Let's talk about those actors for a minute. Foxx brings dignity and determination to the role of Django. Yet this movie becomes something  else entirely without Christoph Waltz. Waltz is mesmerizing and he gets the choice lines in the movie. This role couldn't be further away from his Oscar-winning role as a Nazi in Tarantino's Inglourious Basterds, but for my money, Waltz is even better here.Then there's DiCaprio's playful performance as the movie's main villain. Samuel L. Jackson adds to his roster of classic roles as DiCaprio's sassy house slave. Don Johnson is lively as a plantation owner/ Ku Klux Klan member. Michael Parks, a staple of 1970s TV and a regular in Tarantino films, makes an appearance with Tarantino in the film. Jonah Hill shows up. Walton Goggins, a favorite of mine from TV's The Shield, incredibly got a flashy part in both in this film and in Steven Spielberg's Lincoln. Dennis Christopher, as DiCaprio's lawyer,  has his best screen role since his lead in 1979's Breaking Away. Tom Wopat, Lee Horsley, Russ Tamblyn, and Bruce Dern -- all actors well-past their heydays -- are all in the film.  Tarantino is great about remembering older actors.

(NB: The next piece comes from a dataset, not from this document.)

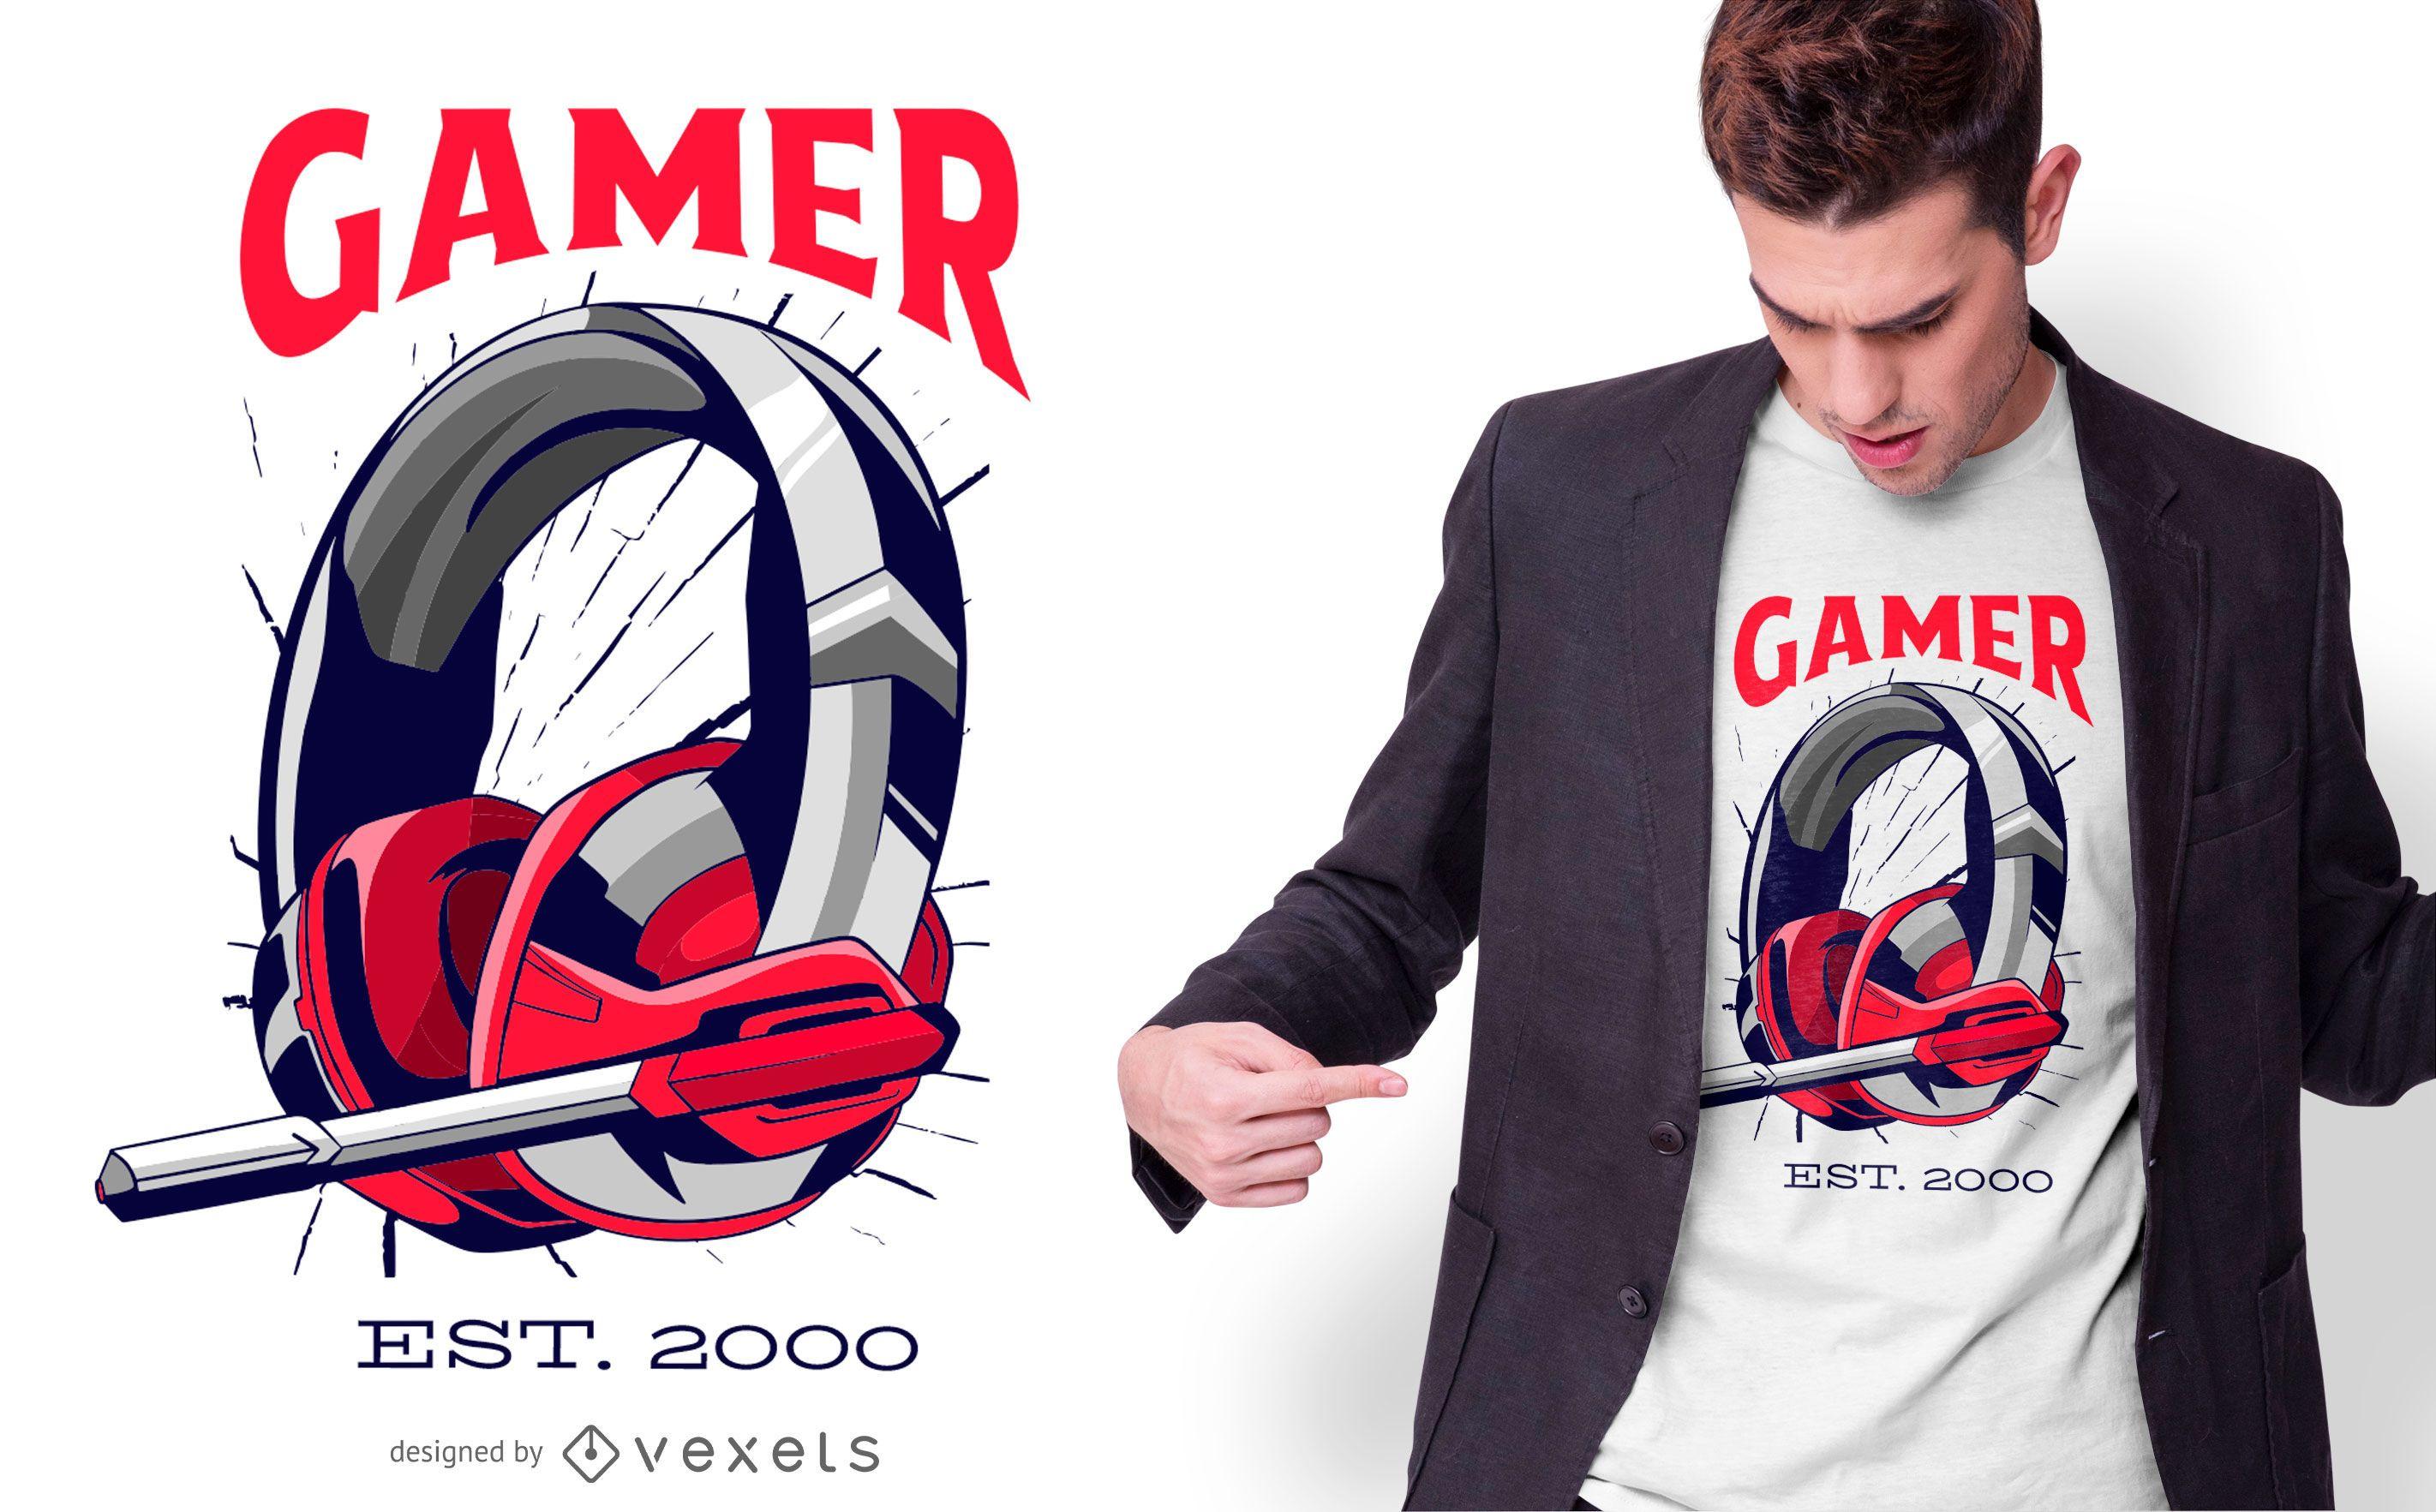 Gamer Headset T-shirt Design

 There are a lot of allusions to 1970s blaxploitation cinema. That's to be expected since Tarantino seems to be a fan. The result of all these disparate elements is one strikingly original, fascinating, and entertaining movie that seeks to show how silly racism is in all its forms.  That's a movie to cheer about, and it is one of the great movies of 2012, which has turned out to be a great movie year. Grade: A.

I saw this film at the Pullman Square Marquee Cinema on December 29, 2012 with my friend Mark.